#### [WHAT YOU HAVE TO DO]
Reproduce the listing exactly, with no pictures in your copy.

#### [DATA]
= = =
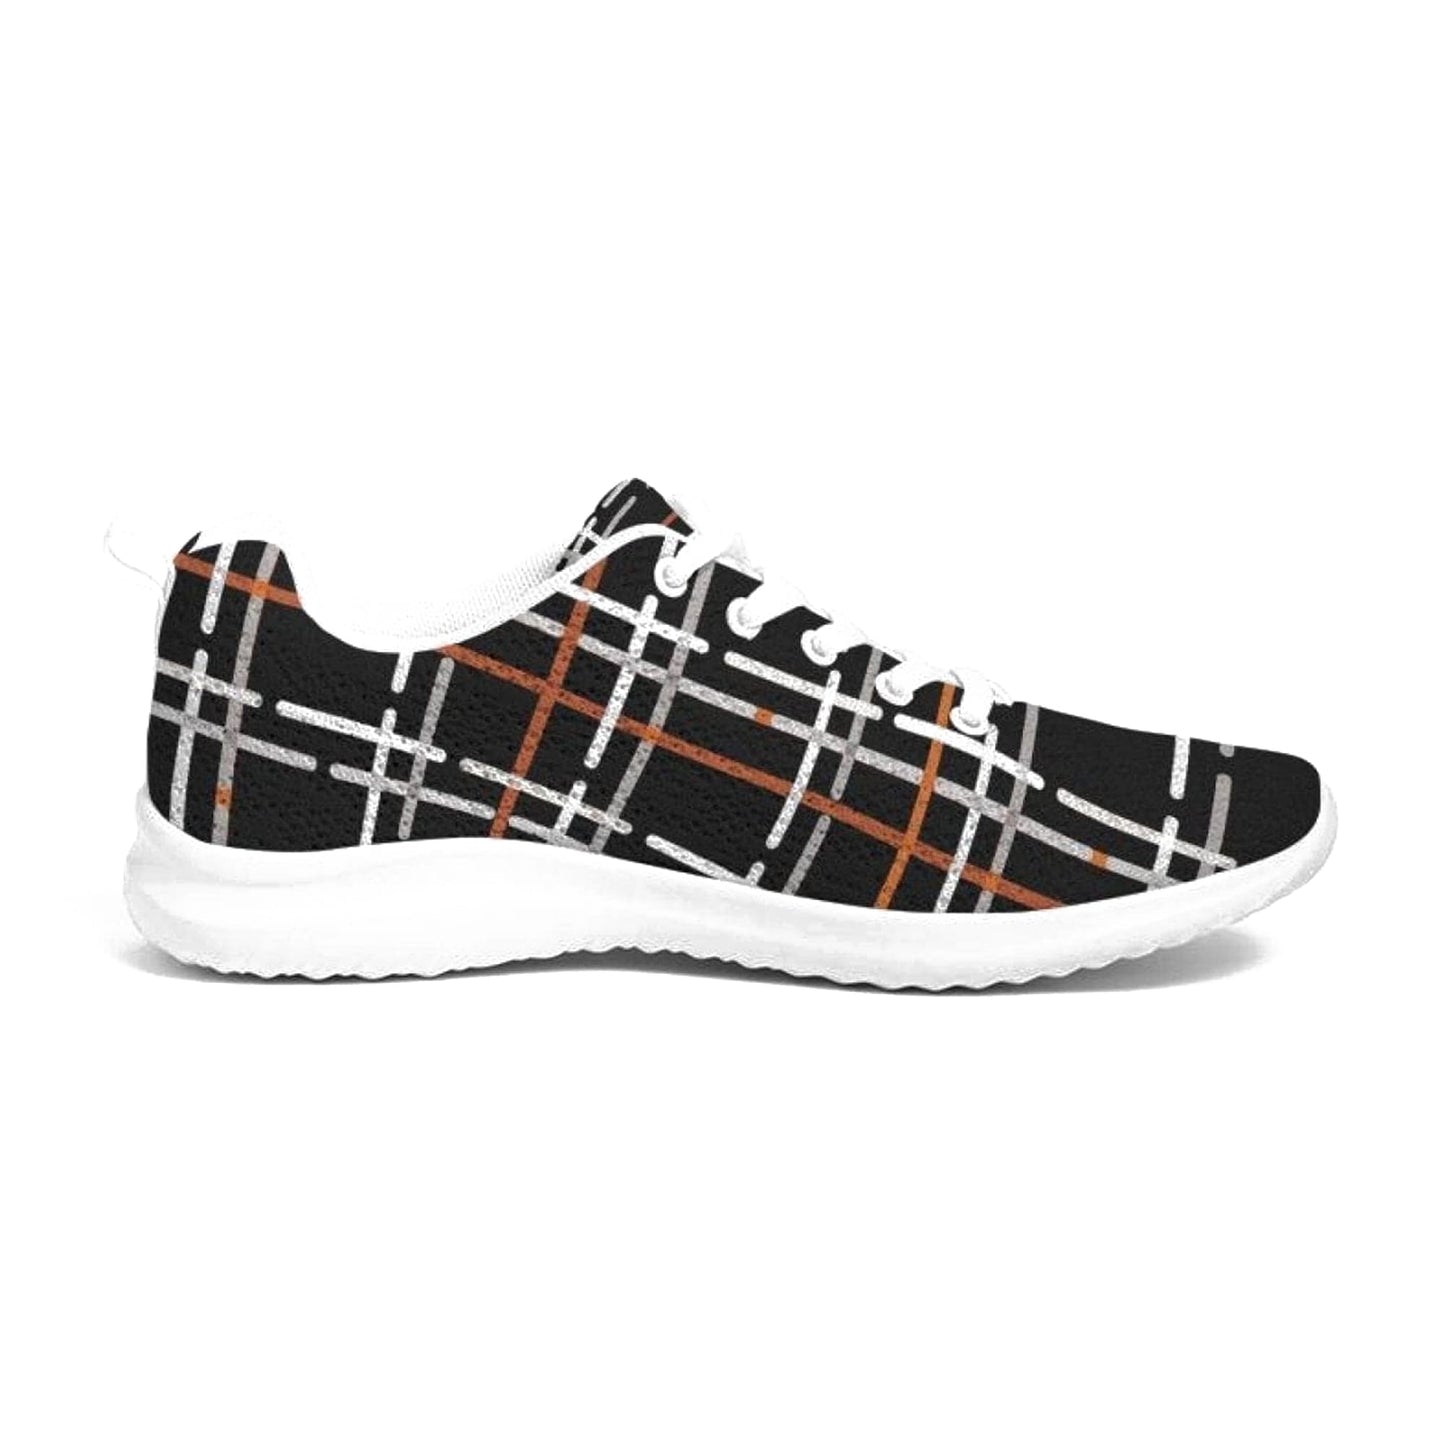 Womens Sneakers - Canvas Running Shoes, Black Plaid Print - Scarvesnthangs
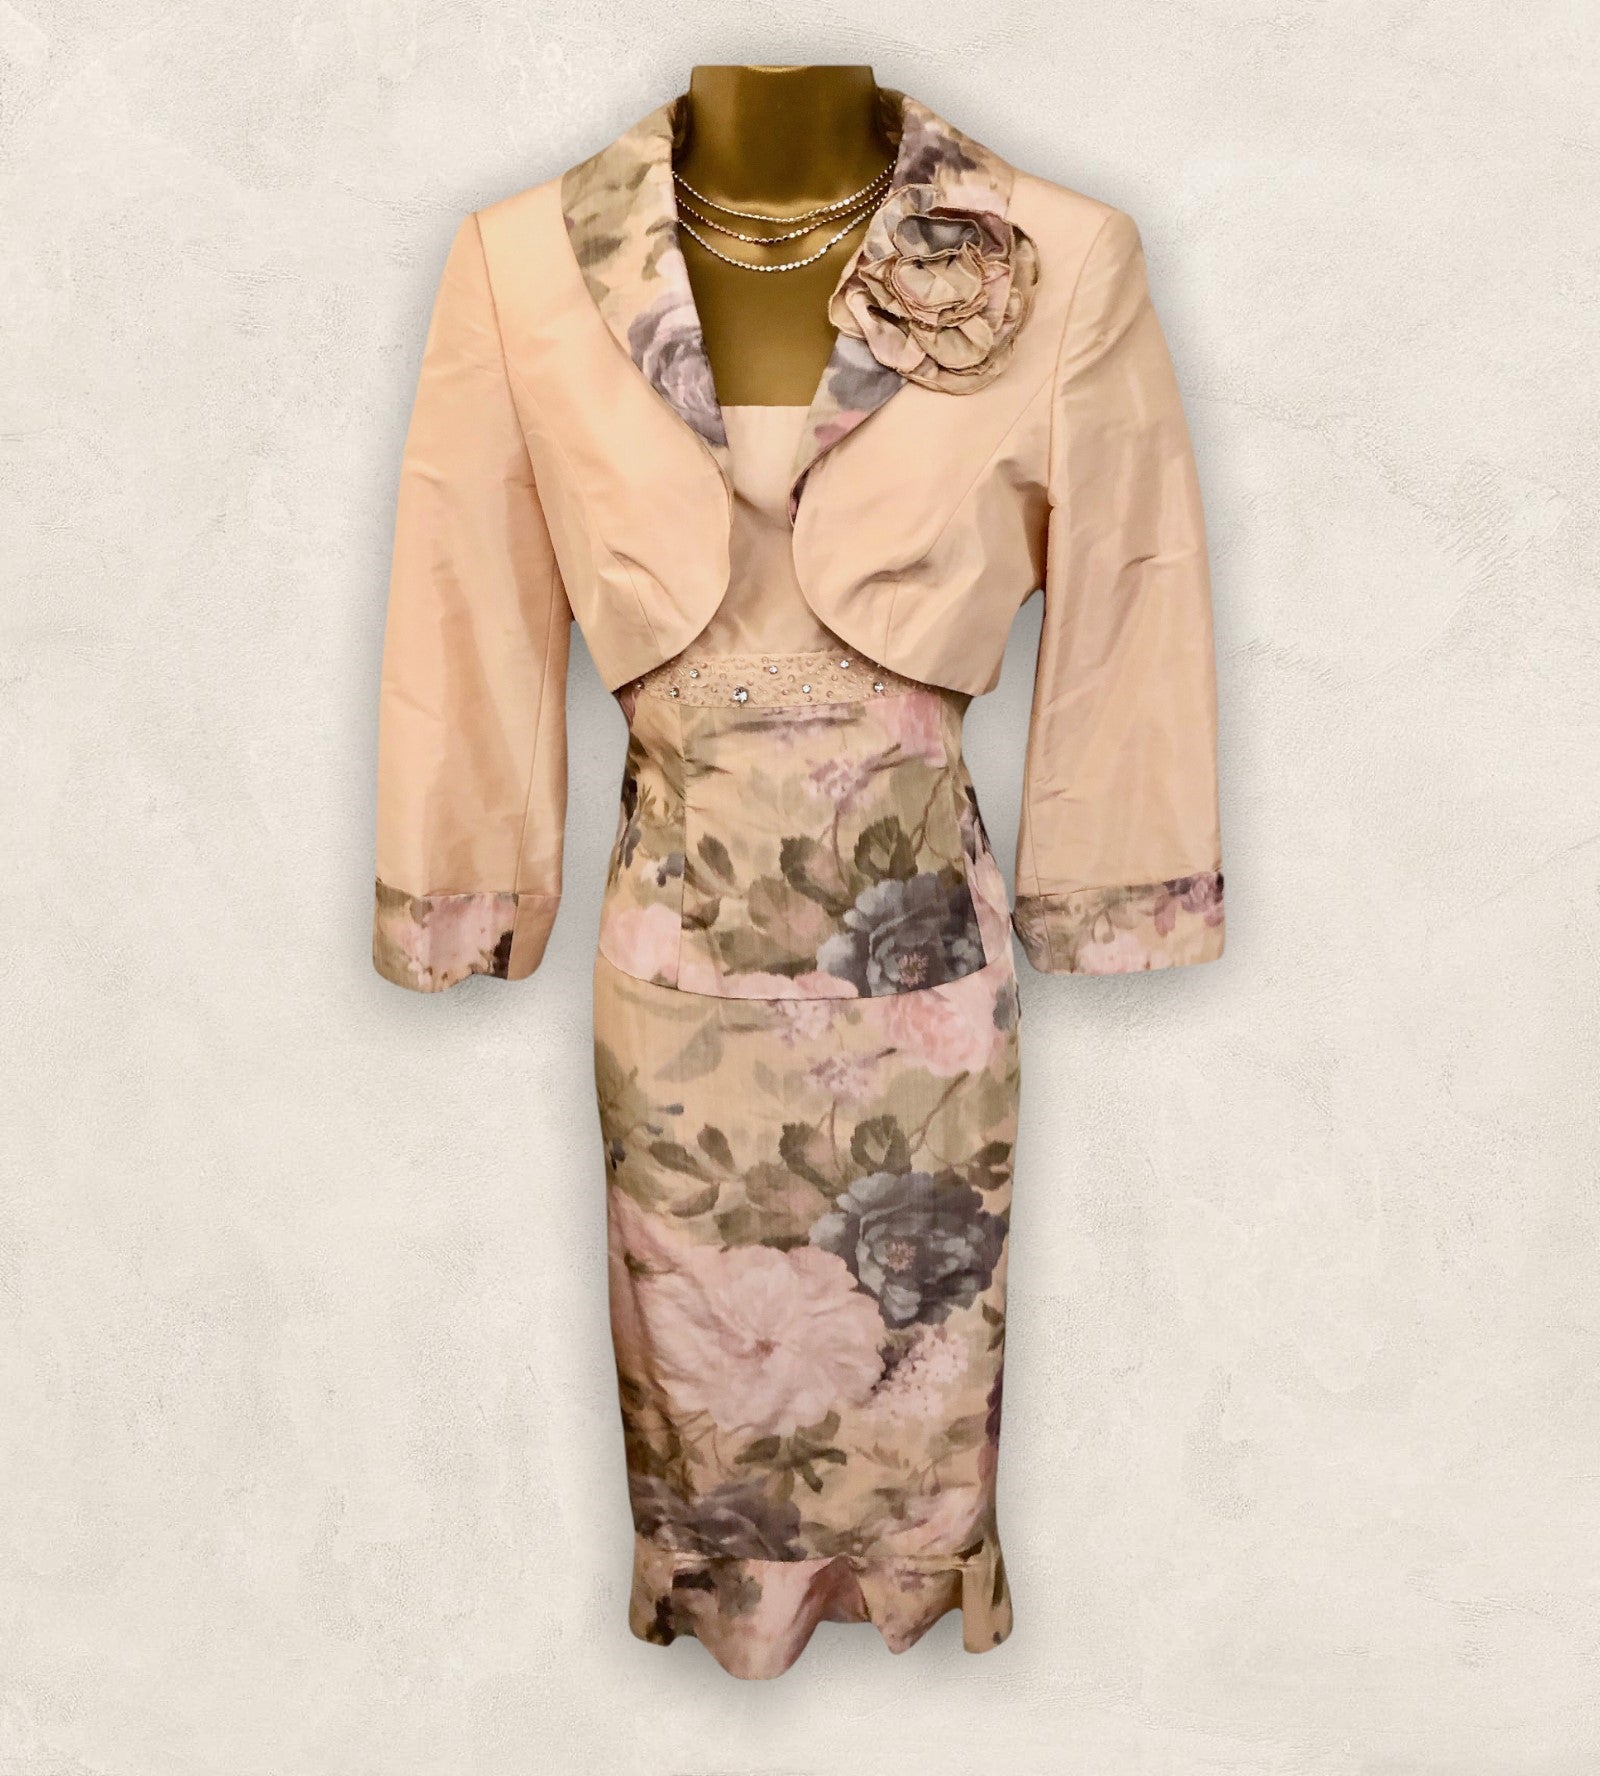 Frank Usher Peach Floral 3 Piece Special Occasion Outfit UK 12 US 8 EU 40 BNWT Timeless Fashions
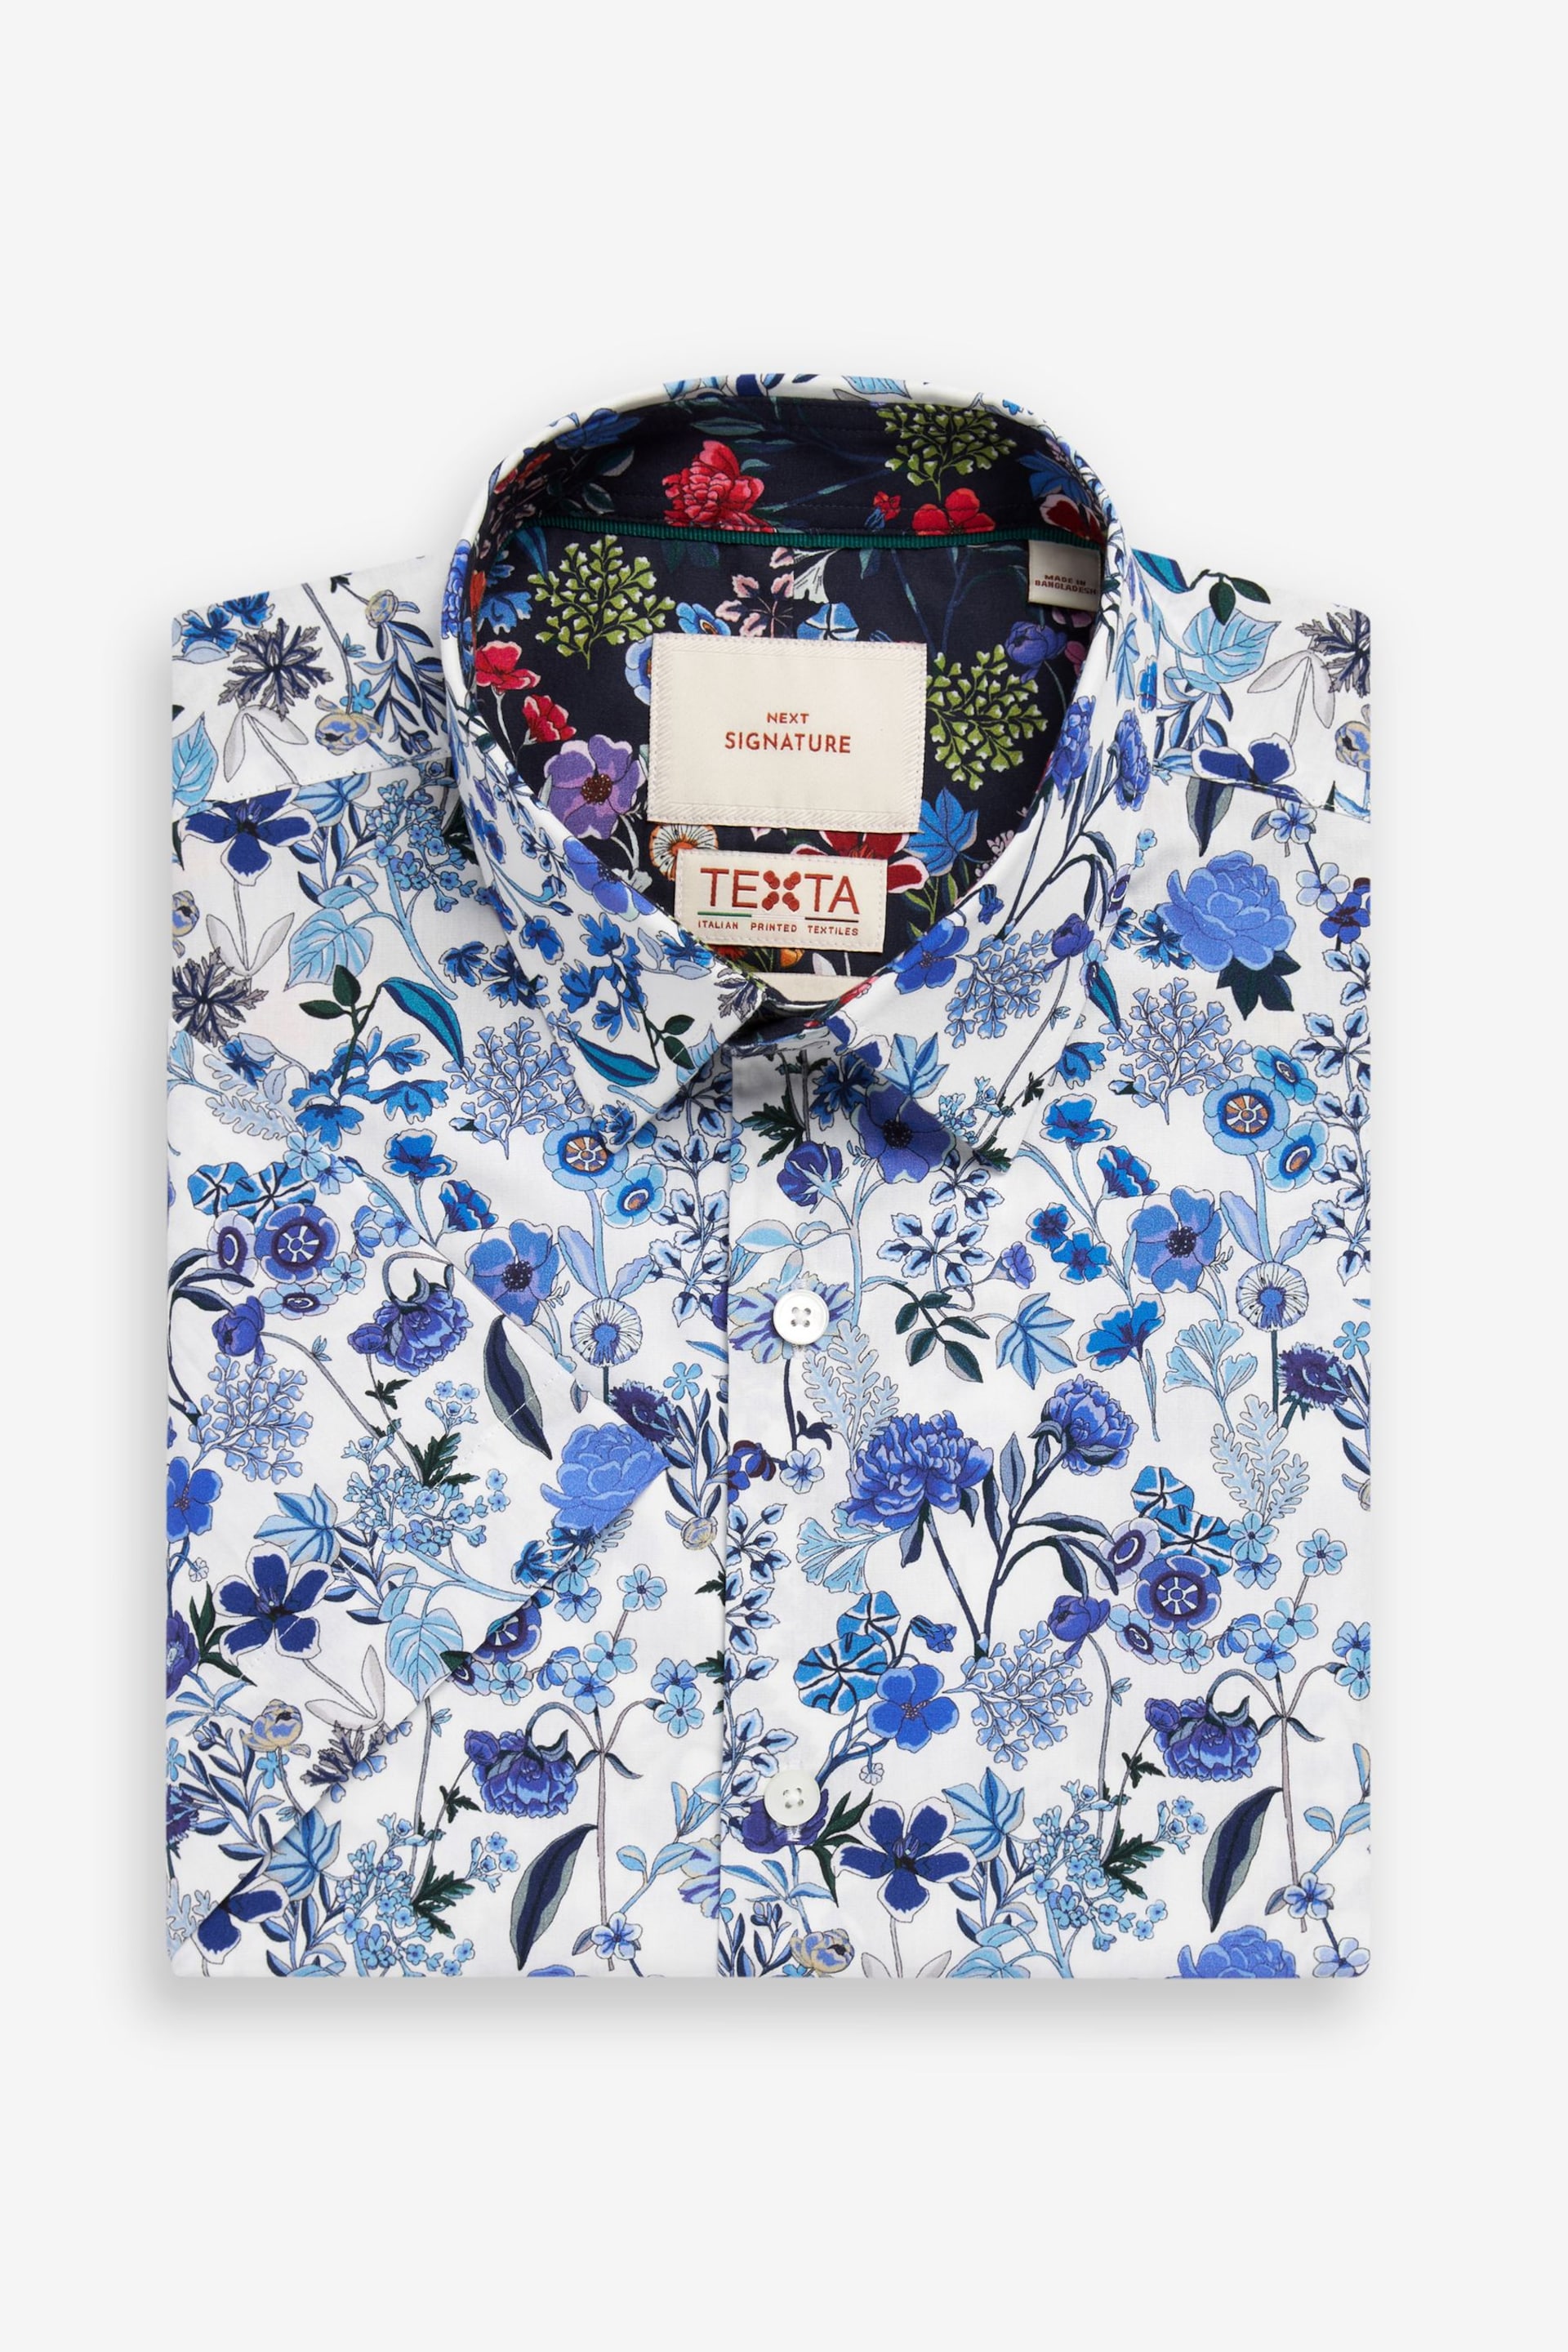 White/Blue Floral Signature Made With Italian Fabric Printed Short Sleeve Shirt - Image 5 of 7
= = =
#### [EXERCISE OUTPUT]
 Womens Sneakers - Canvas Running Shoes, Black Plaid Print - Scarvesnthangs
 Frank Usher Peach Floral 3 Piece Special Occasion Outfit UK 12 US 8 EU 40 BNWT Timeless Fashions
 White/Blue Floral Signature Made With Italian Fabric Printed Short Sleeve Shirt - Image 5 of 7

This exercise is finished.